First prize winners. Right to left: Ohad Yaniv, Eyal Kellner, Yaron Arbel, Alon Gilad, Idan Shenfeld, Ravit Abel and Prof. Ezri Tarazi

The Defi team, established by Technion students, won first prize and $10,000 in the BizTEC 2021 entrepreneurship competition, which took place in Tel Aviv. The prize was awarded to the team members for the development of a compact portable defibrillator, which is inexpensive and easy to use.

Sudden Cardiac Arrest is caused when the heart’s electrical system malfunctions. The heart stops beating properly, and its pumping function is “arrested,” or stopped. Automated External Defibrillators (AED) are ambulatory devices designed to automatically analyze the patient’ s heart rhythm and, if it is found to be in need for fibrillation, deliver the electric pulse (or “shock”) to the heart in order to restore the normal heart rhythm. These devices are typically housed in a briefcase container, mounted to wall on offices and public places. Hand carried AED’s are expensive, and their size and shape impede portability. The product on which the Defi team members are working is a cost-effective, accessible alternative to the traditional defibrillator that would significantly decrease its size and price and making AEDs more abundant in society.

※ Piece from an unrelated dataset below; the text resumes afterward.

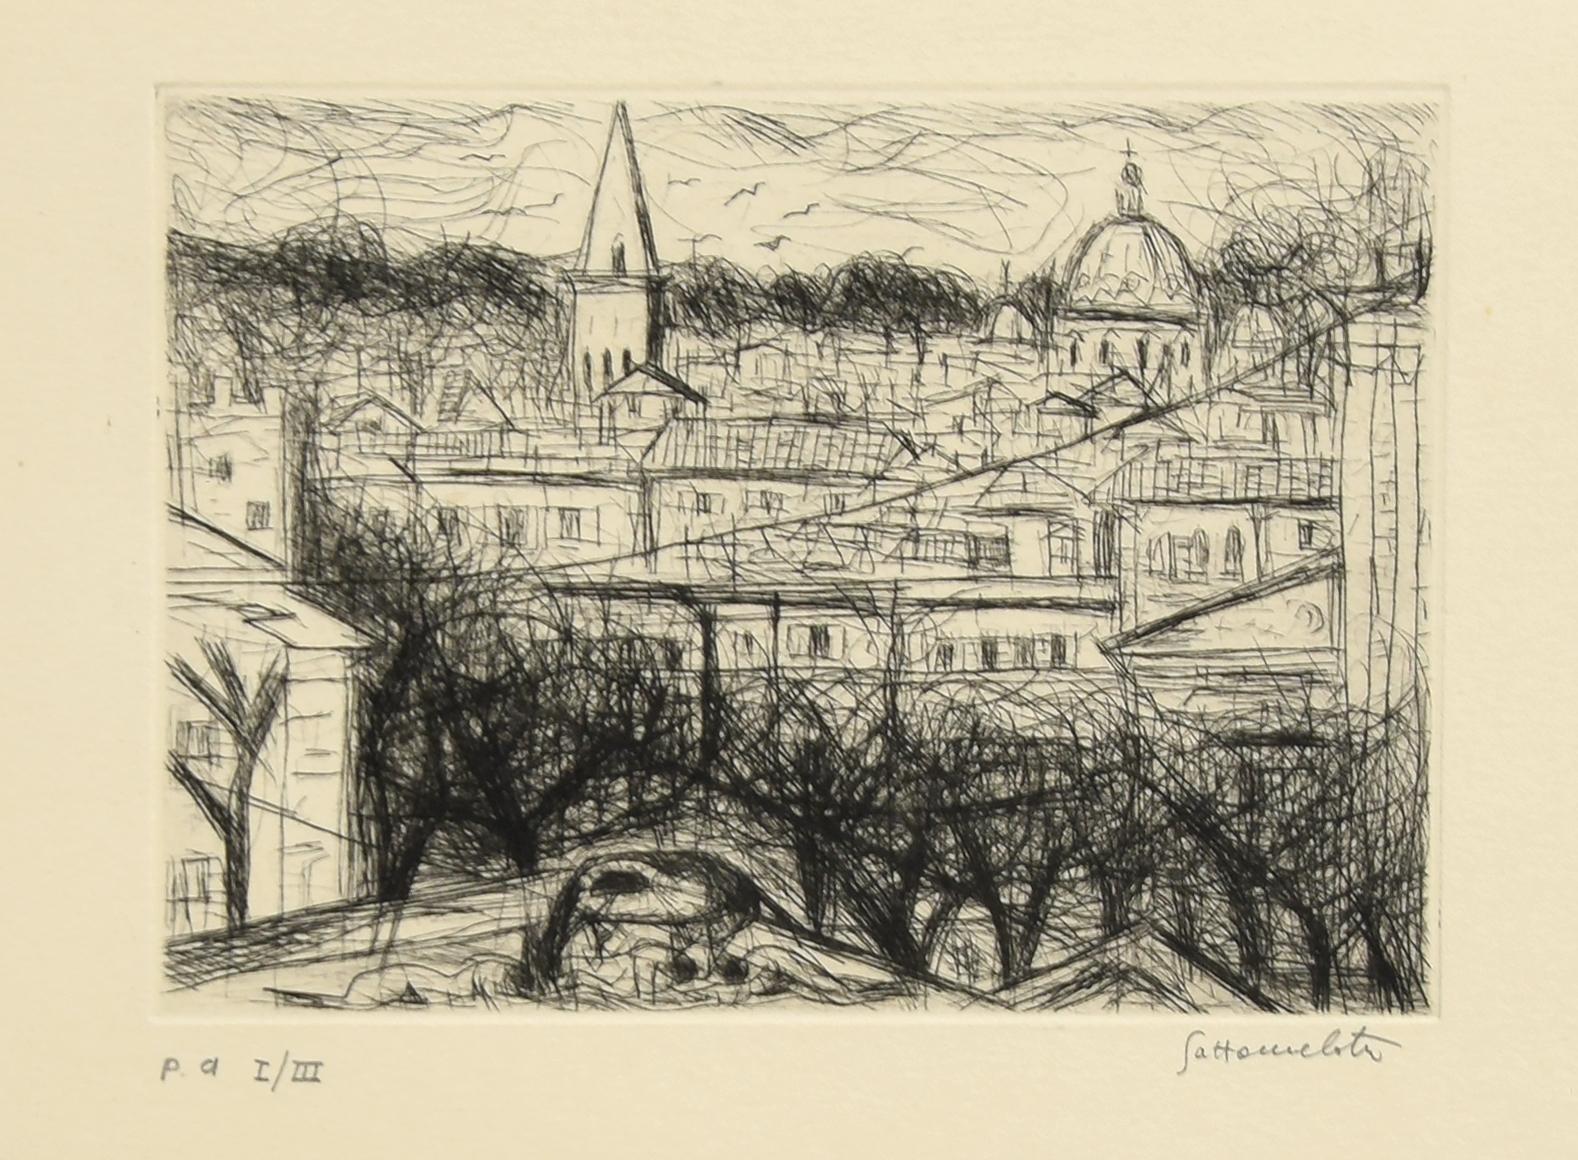 City View - Etching by N. Gattamelata - Late 20th Century

The members of the team are Ravit Abel, graduate of the Wolfson Faculty of Chemical Engineering, Idan Shenfeld, a graduate of the Henry and Marilyn Taub Faculty of Computer Engineering in the Rothschild-Technion Program for Excellence, and Alon Gilad, a mechanical engineer studying for his master’s degree in the Faculty of Biomedical Engineering. The team was accompanied throughout the accelerator process by Ichilov Hospital’s Chief Information Officer, Eyal Kellner, and the Director of Ichilov’s Cardiovascular Research Center, Professor Yaron Arbel. Several months ago, the team took first place in the iTrek competition, which was held at the Technion and at the Joan and Irwin Jacobs Technion-Cornell Institute at Cornell Tech.

Today, the BizTEC Entrepreneurship Program is part of t-Hub, the Technion Entrepreneurship and Innovation Center, headed by Professor Ezri Tarazi, under the leadership of Ohad Yaniv, who heads the BizTEC accelerator program and startup programs.

The BizTEC program was founded in 2004 to cultivate novice entrepreneurs seeking to develop deep technologies that require interdisciplinary collaboration and in-depth knowledge infrastructure. It provides participating teams with close professional guidance by mentors from academia and industry. In the 17 years of the program’s existence, its graduates have founded dozens of active companies that have collectively raised more than $1 billion, including Breezometer, Augmedics, Windward, Houseparty, and Presenso. This year, around 100 teams applied for the program, and of them, 37 were accepted. Eleven teams made it through to the finals and presented their developments to the audience.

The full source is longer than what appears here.